[Work item] Every line in the records below between the one holding "drummerszone notizie yamaha" and the one holding "Muslim man reading", inclusive, is to be set down exactly; all other lines are to be left out.

Records contained in a dataset:
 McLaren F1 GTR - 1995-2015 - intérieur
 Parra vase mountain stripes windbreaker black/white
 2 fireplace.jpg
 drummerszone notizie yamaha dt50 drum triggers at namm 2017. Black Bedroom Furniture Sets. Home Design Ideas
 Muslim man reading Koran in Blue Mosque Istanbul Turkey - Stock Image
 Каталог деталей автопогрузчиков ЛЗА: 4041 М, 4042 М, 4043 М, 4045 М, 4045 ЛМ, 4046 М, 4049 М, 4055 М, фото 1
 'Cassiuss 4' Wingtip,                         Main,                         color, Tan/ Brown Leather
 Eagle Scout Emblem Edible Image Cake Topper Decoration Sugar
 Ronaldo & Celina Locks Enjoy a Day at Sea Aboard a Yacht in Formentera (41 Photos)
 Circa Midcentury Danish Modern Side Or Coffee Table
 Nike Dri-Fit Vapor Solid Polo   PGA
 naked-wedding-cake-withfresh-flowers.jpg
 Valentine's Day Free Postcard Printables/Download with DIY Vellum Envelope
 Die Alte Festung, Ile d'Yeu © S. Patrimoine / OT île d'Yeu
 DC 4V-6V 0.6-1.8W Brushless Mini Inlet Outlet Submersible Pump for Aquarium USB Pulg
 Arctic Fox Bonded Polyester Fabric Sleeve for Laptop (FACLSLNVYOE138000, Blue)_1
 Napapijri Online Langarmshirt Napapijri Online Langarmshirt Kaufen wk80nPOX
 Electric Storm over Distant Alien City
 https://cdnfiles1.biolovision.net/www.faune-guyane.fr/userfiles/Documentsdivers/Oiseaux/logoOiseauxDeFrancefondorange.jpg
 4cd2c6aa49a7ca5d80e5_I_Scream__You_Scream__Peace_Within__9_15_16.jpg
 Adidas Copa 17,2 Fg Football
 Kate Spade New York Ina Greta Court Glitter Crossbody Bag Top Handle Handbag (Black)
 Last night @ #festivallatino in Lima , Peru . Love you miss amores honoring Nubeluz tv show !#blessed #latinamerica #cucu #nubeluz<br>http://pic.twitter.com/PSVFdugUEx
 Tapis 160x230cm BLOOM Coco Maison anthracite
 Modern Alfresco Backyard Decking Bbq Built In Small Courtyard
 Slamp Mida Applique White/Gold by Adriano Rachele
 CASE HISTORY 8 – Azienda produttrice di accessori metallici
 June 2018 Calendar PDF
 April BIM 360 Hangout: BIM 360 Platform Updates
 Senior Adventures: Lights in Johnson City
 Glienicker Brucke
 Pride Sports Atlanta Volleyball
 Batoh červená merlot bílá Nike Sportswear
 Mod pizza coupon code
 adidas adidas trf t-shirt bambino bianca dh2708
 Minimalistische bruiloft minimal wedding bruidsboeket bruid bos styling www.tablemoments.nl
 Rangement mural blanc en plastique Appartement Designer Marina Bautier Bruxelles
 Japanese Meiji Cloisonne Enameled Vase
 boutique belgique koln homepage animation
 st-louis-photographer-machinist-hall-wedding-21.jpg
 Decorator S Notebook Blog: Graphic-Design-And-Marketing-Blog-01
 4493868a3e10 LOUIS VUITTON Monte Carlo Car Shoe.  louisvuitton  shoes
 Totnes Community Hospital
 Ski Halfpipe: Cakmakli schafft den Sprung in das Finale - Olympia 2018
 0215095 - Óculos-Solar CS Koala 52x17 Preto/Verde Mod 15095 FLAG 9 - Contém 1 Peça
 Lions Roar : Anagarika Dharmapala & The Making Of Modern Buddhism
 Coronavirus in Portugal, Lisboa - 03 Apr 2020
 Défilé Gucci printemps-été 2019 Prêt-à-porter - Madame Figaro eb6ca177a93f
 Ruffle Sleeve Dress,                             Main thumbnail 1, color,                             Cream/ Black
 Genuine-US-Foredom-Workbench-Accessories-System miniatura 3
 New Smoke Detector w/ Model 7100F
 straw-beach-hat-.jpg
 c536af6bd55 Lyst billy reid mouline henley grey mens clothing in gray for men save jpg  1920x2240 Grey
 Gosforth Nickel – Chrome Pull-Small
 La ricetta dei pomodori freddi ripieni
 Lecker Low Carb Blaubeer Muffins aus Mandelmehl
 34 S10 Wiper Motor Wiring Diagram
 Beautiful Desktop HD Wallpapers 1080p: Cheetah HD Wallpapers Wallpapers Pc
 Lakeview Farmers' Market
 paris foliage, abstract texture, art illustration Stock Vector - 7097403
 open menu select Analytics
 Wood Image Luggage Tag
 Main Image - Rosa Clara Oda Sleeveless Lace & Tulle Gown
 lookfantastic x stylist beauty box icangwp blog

[Task answer]
 drummerszone notizie yamaha dt50 drum triggers at namm 2017. Black Bedroom Furniture Sets. Home Design Ideas
 Muslim man reading Koran in Blue Mosque Istanbul Turkey - Stock Image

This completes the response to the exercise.